* _ABOUT THIS EXERCISE_: Would you please transcribe the data in full and exactly, excluding images?

* _DATASET SECTION_:
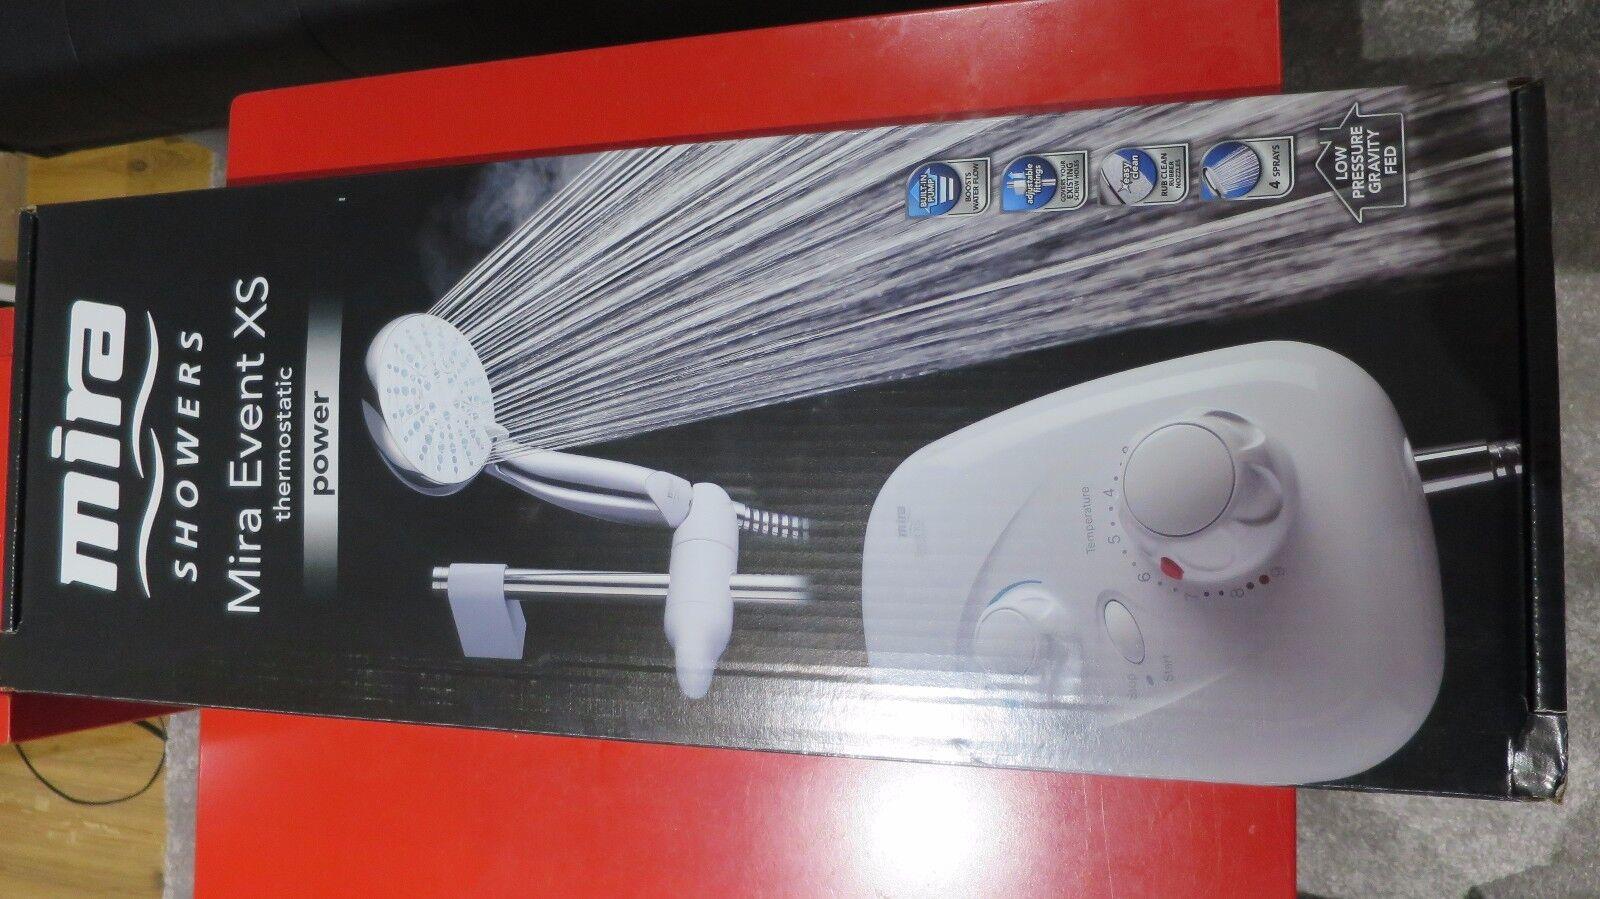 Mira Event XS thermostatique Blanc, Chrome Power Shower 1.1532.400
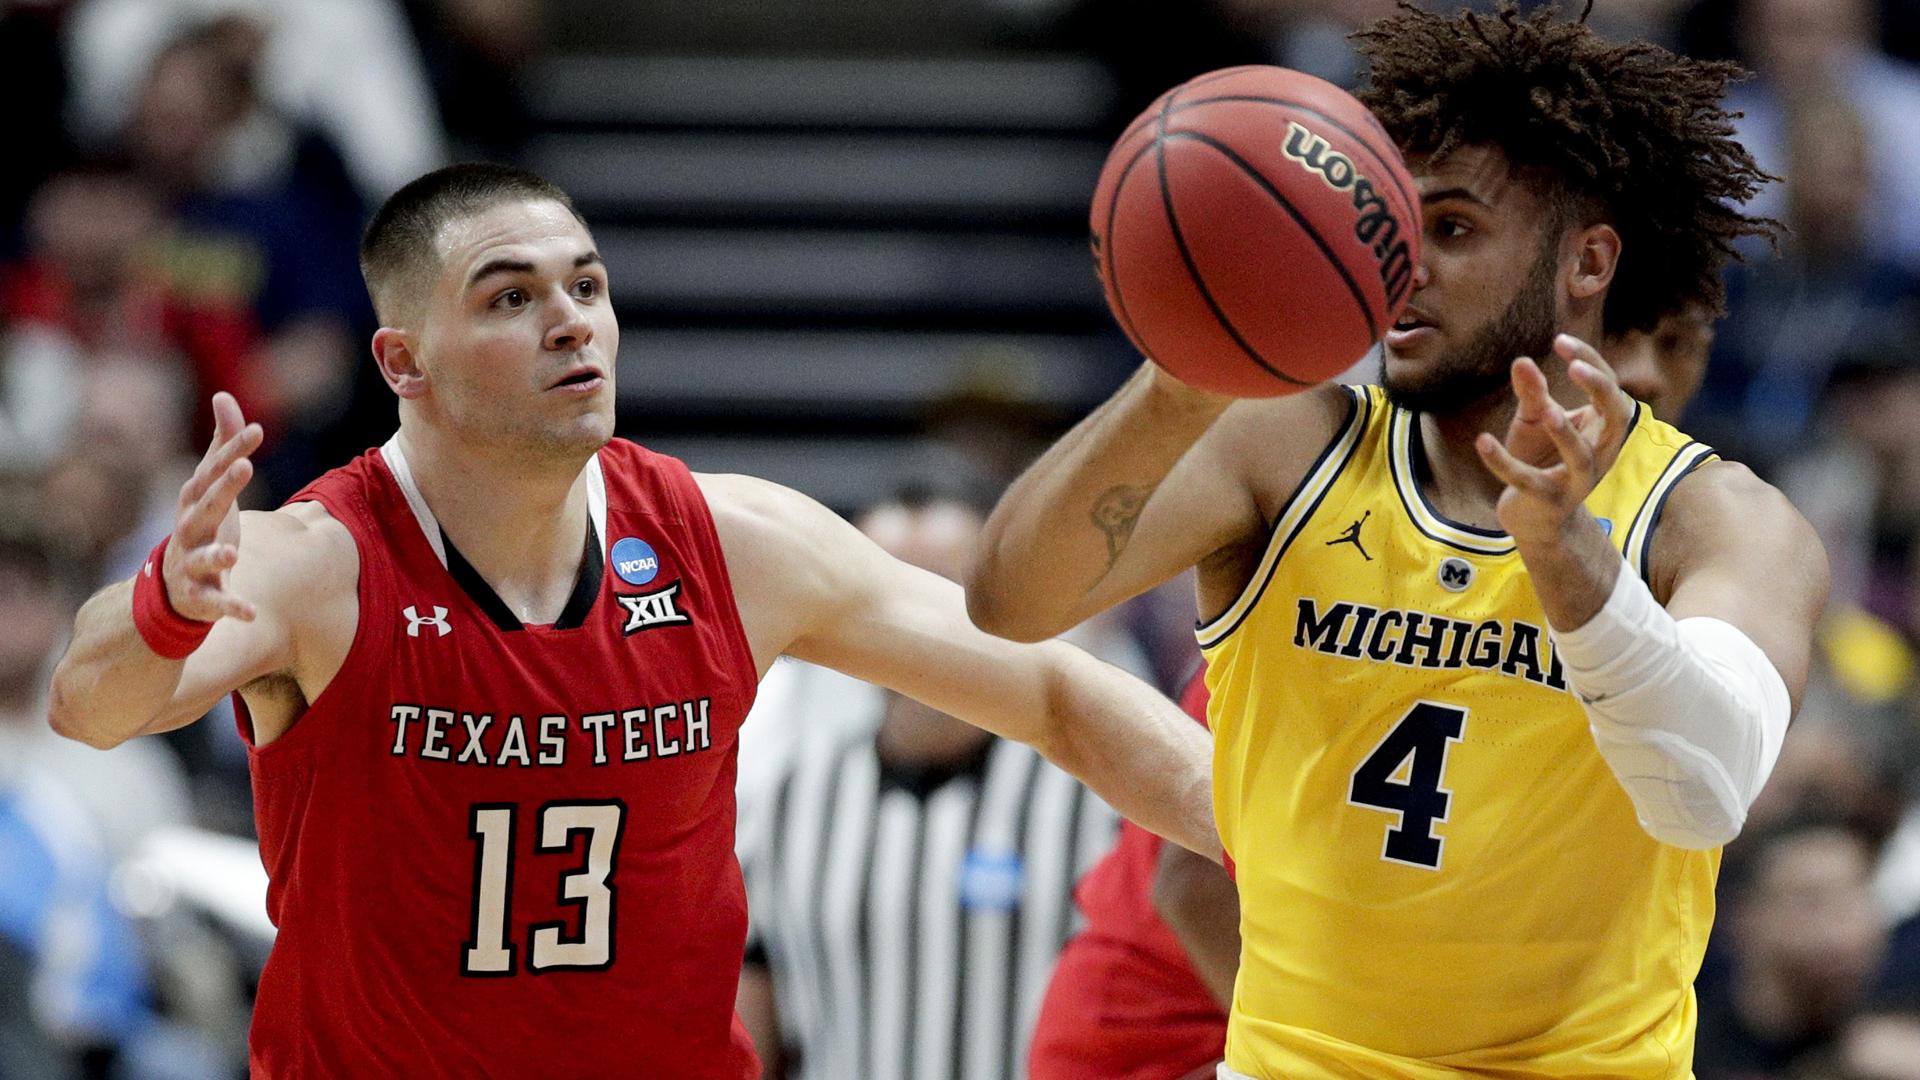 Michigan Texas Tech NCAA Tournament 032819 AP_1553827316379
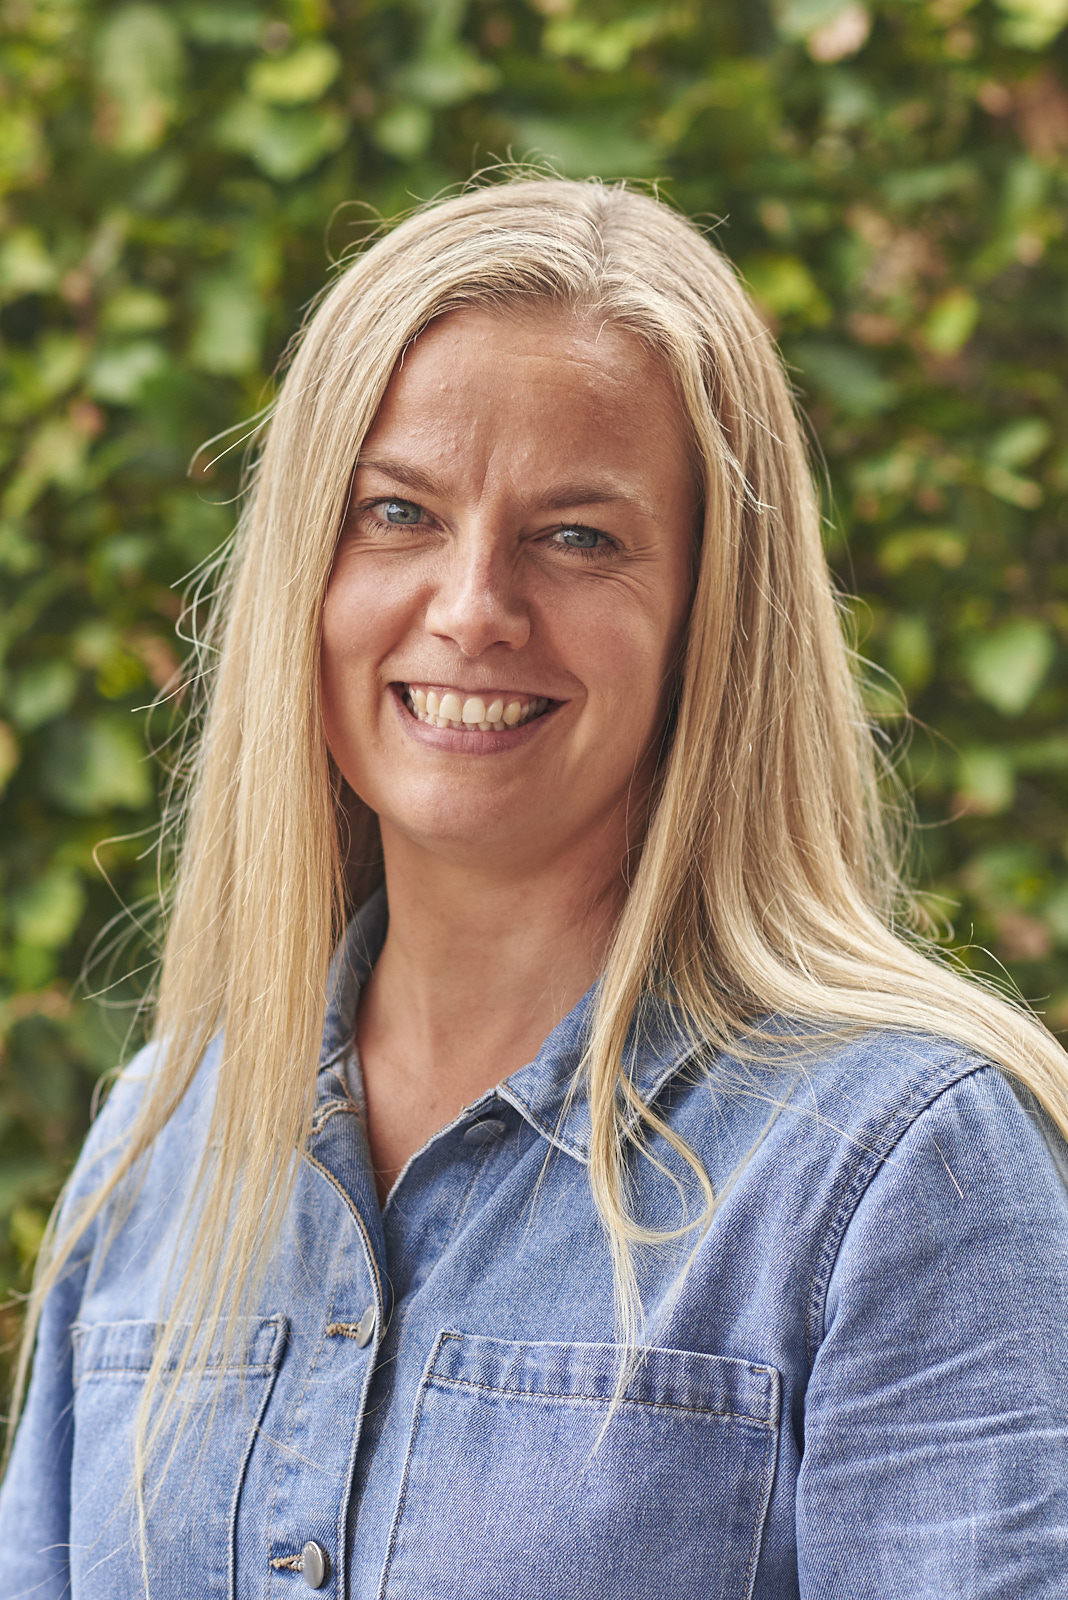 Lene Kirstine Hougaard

* _YOUR RESPONSE_:
 Mira Event XS thermostatique Blanc, Chrome Power Shower 1.1532.400
 Michigan Texas Tech NCAA Tournament 032819 AP_1553827316379
 Lene Kirstine Hougaard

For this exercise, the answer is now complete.